A film star will captain Afghanistan in this summer’s ten-country World Cup - or, at any rate, a protagonist in the best film ever made about cricket, Out of the Ashes.
Afghanistan appoint Gulbadin Naib as captain for Cricket World Cup
خبرگزاری Herat Afghan Voice Agency(AVA) , 22 Apr 2019 - 22:14
A film star will captain Afghanistan in this summer’s ten-country World Cup - or, at any rate, a protagonist in the best film ever made about cricket, Out of the Ashes.
AVA- In the documentary featuring Afghanistan’s rise from nowhere, Gulbadin Naib was the youngest player - and now, aged 28, has been appointed captain of their World Cup squad.
Only 15 years ago cricket was not played in war-torn Afghanistan, only by Afghans in refugee camps in Pakistan. But by hitting the ball as hard as they can, and bowling it as fast as they can or spinning it as hard as they can, Afghanistan’s players qualified for the forthcoming World Cup.

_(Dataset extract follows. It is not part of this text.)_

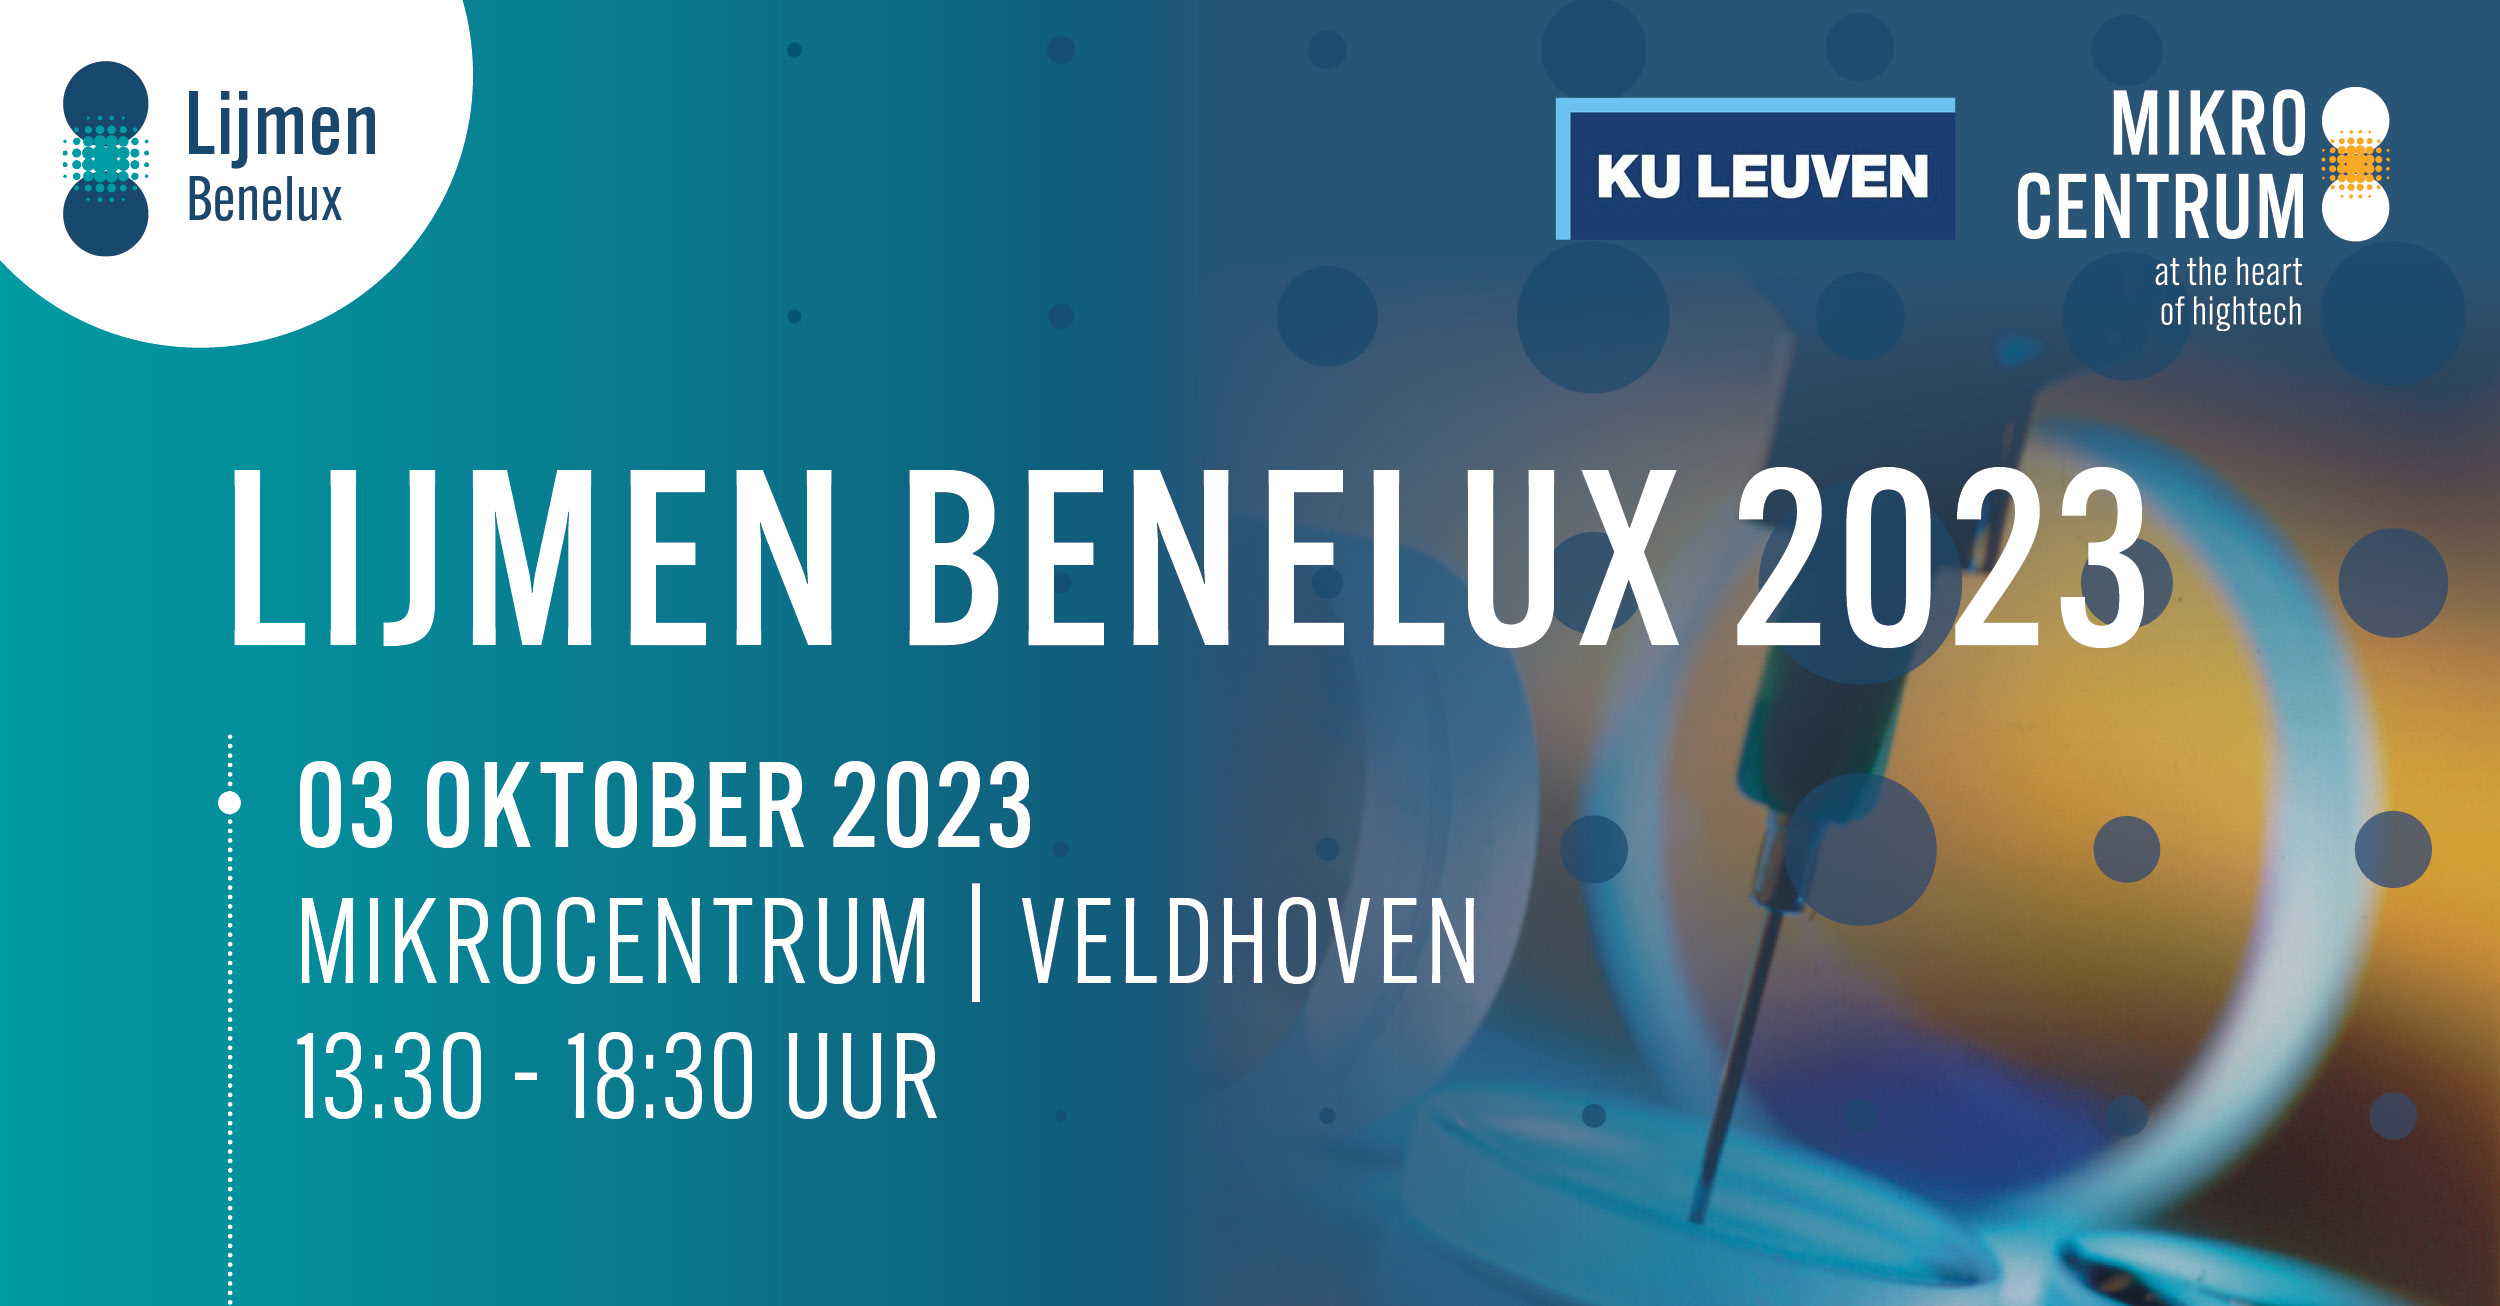 Lijmen Benelux 2023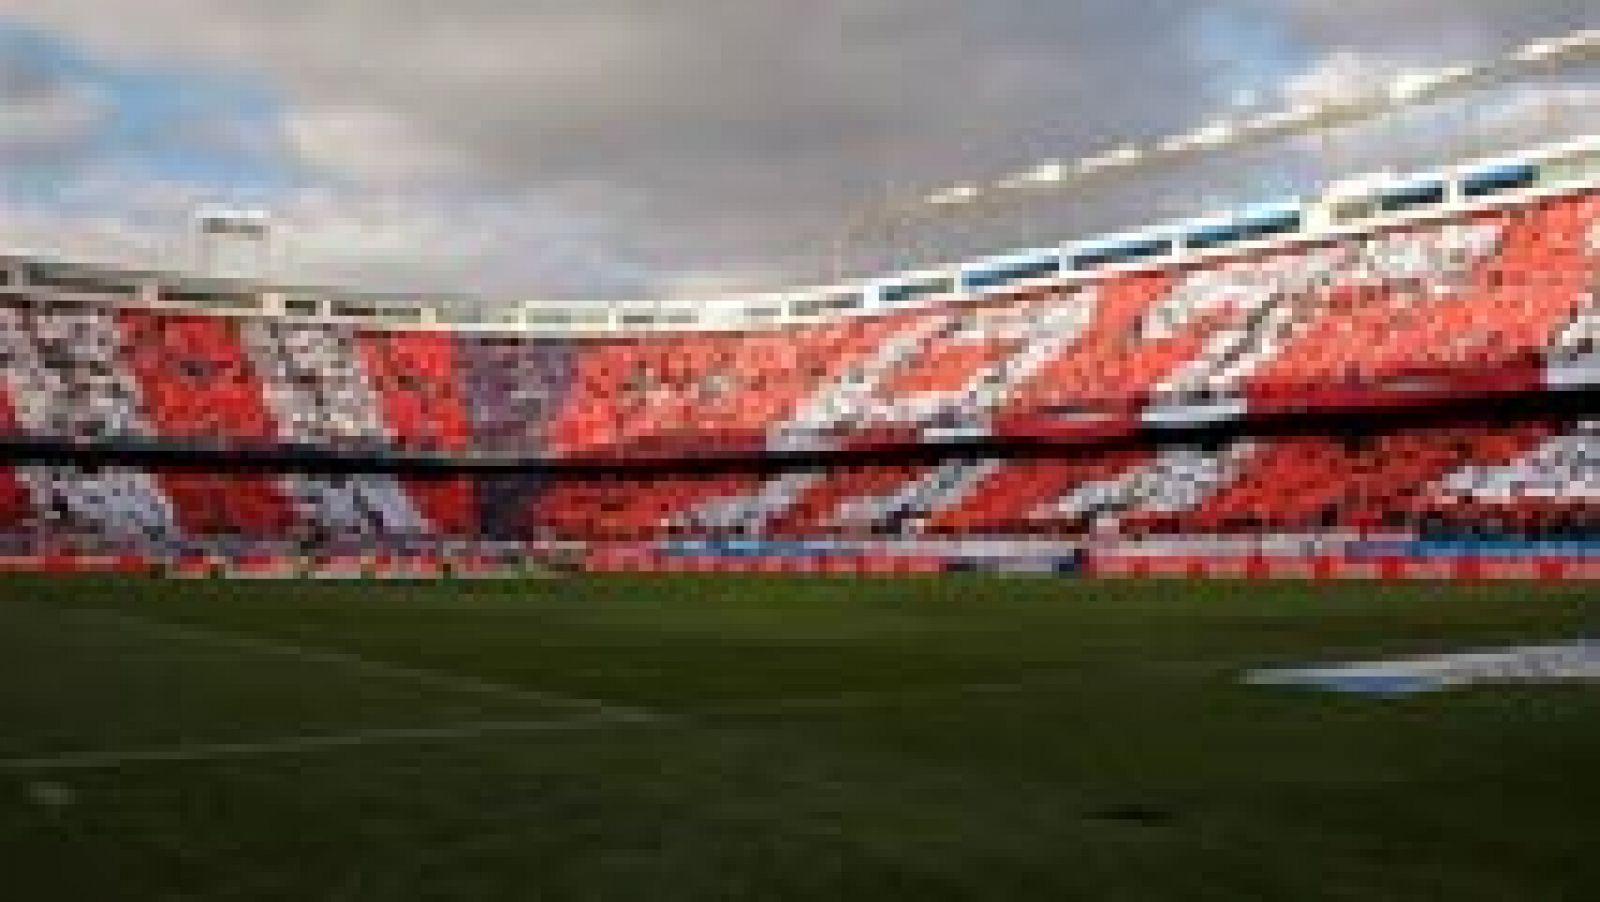 La final de la Copa del Rey 2016, que disputarán el FC Barcelona y el Sevilla, se celebrará el próximo domingo 22 de mayo en el estadio Vicente Calderón, según ha anunciado el club andaluz.

Naib was focused on body-building, in the most rudimentary of gyms in Kabul, when he makes his first appearance in the film. An admirer looks at Naib’s pectorals and exclaims in slightly broken English: “I like your body very much!”
When Afghanistan were promoted by the ICC to division five of their World Championship, they were pitted against the likes of Japan, Jersey and Singapore in a tournament in Jersey. This is the first visit to the west for most of Afghanistan’s players, and Naib is captured in open-mouthed amazement in a street watching young women walk past with bare midriffs instead of burkas.
Helping to power Afghan cricket from nowhere to the world’s top ten has been the financial incentive: few other ways to earn a decent legal living at home. In any other country Naib might have drifted out of the sport after being dropped from the national side, as an all-rounder who was useful but not quite a match winner as either batsman or seamer; but he was the breadwinner for his family, as he said in the film, because his father was unemployed, his mother had hepatitis and his sister disabilities.
Back in the national side for the 2012 T20 World Cup finals in Sri Lanka, Naib hit Graeme Swann for 16 in one over, and 44 - the highest score by a number eight in T20 internationals to that point - off 32 balls against England. They had reduced Afghanistan to 26 for eight but Naib saved face.
Another character in their squad is Hamid Hasan, now 31, and one of the fastest bowlers in world cricket, clocking over 140 kph, until he damaged his knee diving into a boundary fence playing against England in Dubai in 2012.